--- Required work ---
Take the lines below between the one holding "Muted Light Blue" and the one holding "Shop The Wild", inclusive, and copy them exactly. Add nothing.

"""

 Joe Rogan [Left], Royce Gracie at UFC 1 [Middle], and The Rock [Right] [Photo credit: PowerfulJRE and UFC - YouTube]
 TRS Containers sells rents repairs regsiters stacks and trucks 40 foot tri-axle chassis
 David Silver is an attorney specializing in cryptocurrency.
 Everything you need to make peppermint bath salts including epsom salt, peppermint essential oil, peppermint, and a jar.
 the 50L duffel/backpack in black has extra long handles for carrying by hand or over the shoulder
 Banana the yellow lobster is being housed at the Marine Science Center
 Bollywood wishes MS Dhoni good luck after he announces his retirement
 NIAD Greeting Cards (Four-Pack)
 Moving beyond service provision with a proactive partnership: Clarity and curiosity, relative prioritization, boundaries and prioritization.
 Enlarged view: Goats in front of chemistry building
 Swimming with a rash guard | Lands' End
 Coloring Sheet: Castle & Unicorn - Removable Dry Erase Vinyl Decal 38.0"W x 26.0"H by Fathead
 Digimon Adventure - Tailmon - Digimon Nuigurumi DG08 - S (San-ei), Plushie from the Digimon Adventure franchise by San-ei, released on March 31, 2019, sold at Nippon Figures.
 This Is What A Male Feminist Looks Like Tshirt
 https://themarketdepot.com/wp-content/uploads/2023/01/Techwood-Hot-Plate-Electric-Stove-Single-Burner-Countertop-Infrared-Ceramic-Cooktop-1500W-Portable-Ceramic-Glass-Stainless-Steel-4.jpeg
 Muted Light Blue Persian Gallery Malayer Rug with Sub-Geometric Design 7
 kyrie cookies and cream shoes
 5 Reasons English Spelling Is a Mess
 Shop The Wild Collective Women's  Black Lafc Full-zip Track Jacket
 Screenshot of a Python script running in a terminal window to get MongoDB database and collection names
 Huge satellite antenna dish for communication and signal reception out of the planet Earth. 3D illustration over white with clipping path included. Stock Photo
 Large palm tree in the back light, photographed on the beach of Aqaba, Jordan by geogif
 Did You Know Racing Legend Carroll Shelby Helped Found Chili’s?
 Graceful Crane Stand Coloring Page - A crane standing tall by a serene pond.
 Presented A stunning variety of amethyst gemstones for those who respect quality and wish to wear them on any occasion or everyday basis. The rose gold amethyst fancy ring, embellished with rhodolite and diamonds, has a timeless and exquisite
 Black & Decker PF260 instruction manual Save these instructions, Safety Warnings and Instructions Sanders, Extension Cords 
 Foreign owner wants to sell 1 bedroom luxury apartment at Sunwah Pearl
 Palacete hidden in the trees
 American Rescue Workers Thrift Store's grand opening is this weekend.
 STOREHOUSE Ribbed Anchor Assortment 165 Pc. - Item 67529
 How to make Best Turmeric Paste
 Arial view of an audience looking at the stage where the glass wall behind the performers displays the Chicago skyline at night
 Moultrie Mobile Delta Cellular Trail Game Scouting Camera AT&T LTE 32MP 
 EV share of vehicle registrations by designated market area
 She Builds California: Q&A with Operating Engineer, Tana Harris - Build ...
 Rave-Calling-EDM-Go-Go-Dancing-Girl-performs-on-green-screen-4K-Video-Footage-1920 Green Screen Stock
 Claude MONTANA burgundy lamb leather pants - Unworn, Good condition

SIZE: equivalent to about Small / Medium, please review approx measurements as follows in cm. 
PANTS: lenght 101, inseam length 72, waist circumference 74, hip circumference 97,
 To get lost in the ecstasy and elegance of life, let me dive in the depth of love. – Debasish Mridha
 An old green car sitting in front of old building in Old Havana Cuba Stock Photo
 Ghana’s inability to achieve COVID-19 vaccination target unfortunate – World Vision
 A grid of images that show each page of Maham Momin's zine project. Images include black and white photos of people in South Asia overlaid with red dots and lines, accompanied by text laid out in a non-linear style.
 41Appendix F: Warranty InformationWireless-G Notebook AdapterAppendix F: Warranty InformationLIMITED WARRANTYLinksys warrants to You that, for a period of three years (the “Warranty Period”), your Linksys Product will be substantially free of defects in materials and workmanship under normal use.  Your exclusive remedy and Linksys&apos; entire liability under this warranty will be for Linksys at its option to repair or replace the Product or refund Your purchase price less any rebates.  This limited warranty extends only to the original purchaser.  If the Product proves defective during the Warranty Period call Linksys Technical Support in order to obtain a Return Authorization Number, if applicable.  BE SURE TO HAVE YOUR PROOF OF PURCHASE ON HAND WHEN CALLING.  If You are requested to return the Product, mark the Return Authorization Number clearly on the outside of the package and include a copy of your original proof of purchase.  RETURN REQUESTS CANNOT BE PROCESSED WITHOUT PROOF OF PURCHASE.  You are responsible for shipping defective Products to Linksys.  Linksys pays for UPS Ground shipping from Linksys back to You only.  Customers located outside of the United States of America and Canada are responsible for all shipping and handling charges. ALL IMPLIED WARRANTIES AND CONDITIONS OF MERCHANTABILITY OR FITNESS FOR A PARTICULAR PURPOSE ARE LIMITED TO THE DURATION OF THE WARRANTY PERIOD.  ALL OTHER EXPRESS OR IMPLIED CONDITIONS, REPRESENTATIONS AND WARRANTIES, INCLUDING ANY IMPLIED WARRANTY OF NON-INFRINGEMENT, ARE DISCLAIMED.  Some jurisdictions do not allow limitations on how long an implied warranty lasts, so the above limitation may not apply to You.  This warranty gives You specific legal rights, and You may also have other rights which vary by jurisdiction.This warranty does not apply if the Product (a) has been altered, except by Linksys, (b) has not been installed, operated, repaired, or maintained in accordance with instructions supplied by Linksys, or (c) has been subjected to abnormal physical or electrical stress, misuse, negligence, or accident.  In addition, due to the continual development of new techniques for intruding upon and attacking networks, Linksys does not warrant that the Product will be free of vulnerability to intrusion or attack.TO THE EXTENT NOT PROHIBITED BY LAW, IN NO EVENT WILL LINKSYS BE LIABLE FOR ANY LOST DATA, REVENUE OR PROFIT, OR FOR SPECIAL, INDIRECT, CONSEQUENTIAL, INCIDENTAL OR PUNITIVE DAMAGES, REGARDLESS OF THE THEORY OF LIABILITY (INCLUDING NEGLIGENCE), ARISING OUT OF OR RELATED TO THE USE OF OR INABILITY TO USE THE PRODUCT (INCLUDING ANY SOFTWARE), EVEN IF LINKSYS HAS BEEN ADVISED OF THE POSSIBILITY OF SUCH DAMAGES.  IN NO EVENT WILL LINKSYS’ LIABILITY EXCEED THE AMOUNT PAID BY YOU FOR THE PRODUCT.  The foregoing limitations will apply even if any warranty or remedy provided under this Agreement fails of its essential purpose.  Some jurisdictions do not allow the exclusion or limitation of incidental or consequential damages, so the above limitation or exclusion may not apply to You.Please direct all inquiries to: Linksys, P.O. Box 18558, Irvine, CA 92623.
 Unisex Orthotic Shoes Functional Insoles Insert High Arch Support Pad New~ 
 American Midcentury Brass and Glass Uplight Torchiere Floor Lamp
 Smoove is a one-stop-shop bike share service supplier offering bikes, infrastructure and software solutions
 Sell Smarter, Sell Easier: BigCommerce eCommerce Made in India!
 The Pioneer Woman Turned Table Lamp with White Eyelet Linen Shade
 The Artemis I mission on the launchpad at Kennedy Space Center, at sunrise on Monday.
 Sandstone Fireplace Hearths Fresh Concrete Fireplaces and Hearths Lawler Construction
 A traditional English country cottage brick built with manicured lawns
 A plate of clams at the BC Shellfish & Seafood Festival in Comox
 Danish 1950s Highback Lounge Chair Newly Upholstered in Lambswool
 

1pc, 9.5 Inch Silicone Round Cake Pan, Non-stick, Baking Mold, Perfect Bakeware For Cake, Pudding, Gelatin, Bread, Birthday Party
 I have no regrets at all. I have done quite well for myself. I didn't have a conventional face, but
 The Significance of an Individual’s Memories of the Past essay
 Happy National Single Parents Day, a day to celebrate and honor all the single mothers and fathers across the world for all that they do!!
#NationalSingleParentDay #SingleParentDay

"""

--- Result of this task ---
 Muted Light Blue Persian Gallery Malayer Rug with Sub-Geometric Design 7
 kyrie cookies and cream shoes
 5 Reasons English Spelling Is a Mess
 Shop The Wild Collective Women's  Black Lafc Full-zip Track Jacket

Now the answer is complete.